Randy W. Sims wrote:
Adam Kennedy wrote:
To give you some more data points, imagine the automated testing additions applied only on Win32. How would you then specify the deps?

#187 on the TODO list for M::B is to implement the dEx[1] (Dependency EXpression) language for inserting complicated requirements in META.yml.

1. <http://svn.versiondude.net/randys/dEx/trunk/lib/dEx.pm>

I'm not completely convinced it's a good idea, but it's one possible way of handling more complex dependency specifications.

I'm not convinced either.

Just reading through dEx, it seems to be an example of a fairly common response to being limited only to data expressions.

It seems almost any time someone invents a data format, there's a desire to have it do more, which leads to the introduction of things that aren't data.

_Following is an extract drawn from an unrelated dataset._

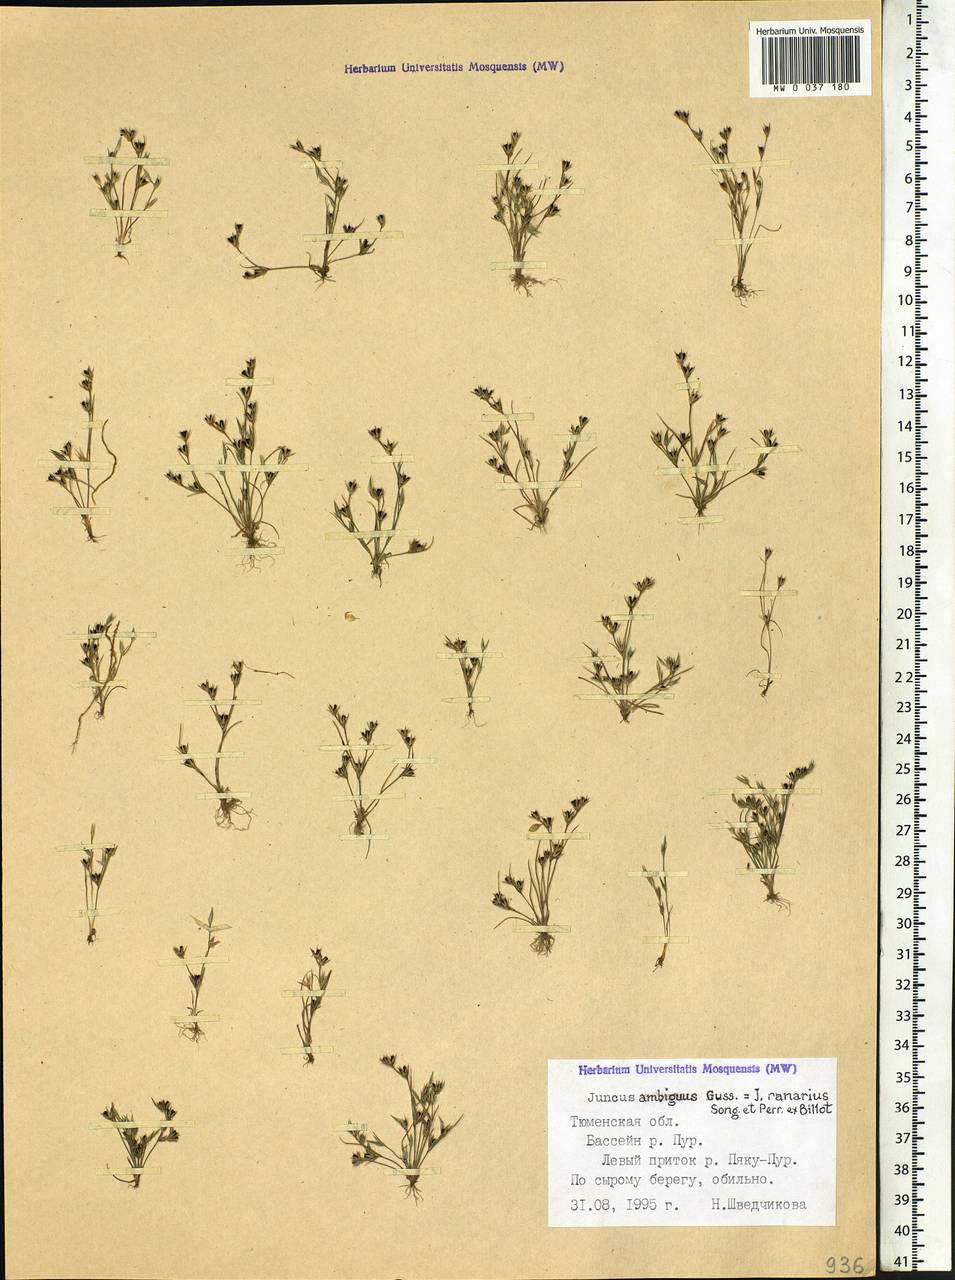 Juncus ranarius Songeon & E. P. Perrier, Siberia, Western Siberia (S1) (Russia)
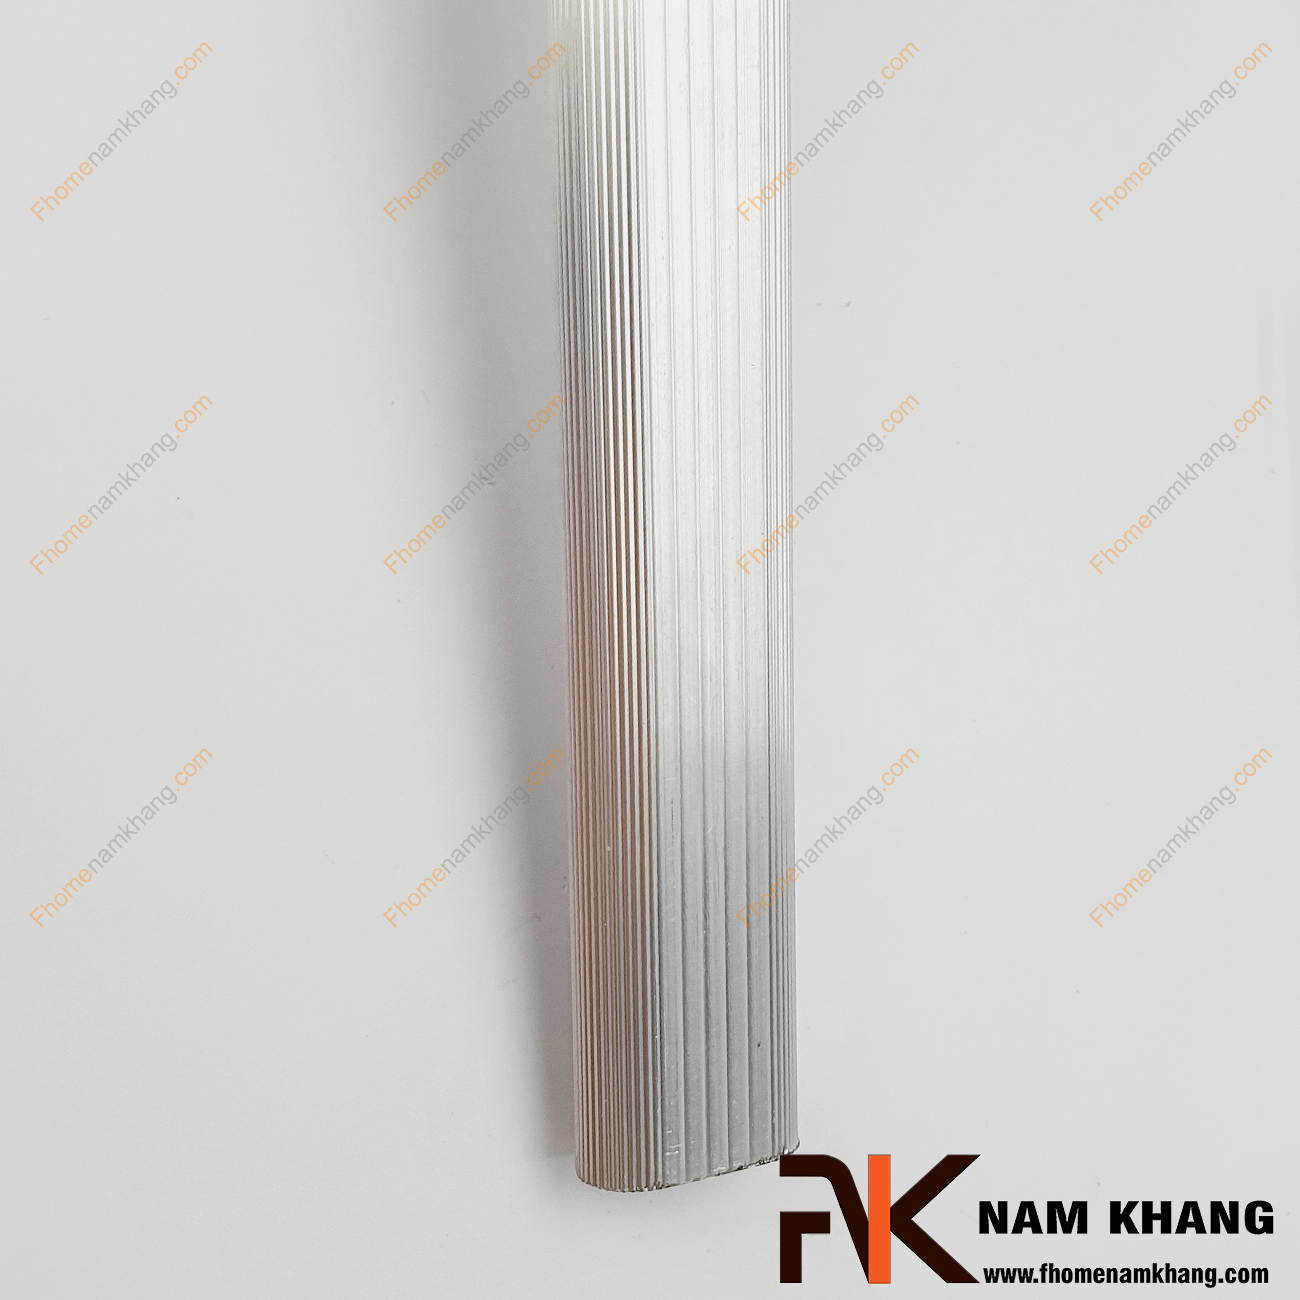 Thanh suốt treo quần áo oval NK702-3M là một sản phẩm sử dụng lắp thành bộ, thường lắp trong tủ quần áo hoặc lắp trên vách tường sử dụng để treo móc treo quần áo. 

You start with branch logic, and fairly quickly you need to generalise that to operators, which requires precedence, and macros/subroutines to simply and reduce duplication, which means you probably want inclusion of external files, and then before you know it you have loop logic and you've just invented a new Turing-complete language.

If we are going to invent a language, I'd much rather just stick to Perl.

So you have a Makefile.PL, it runs on a platform and generates a META.yml that shows what the dependencies are for that platform.

When you build the package you end up shipping a META.yml that may or may not be accurate. So while the META.yml can provide a good indication it will never be able to be 100% useful.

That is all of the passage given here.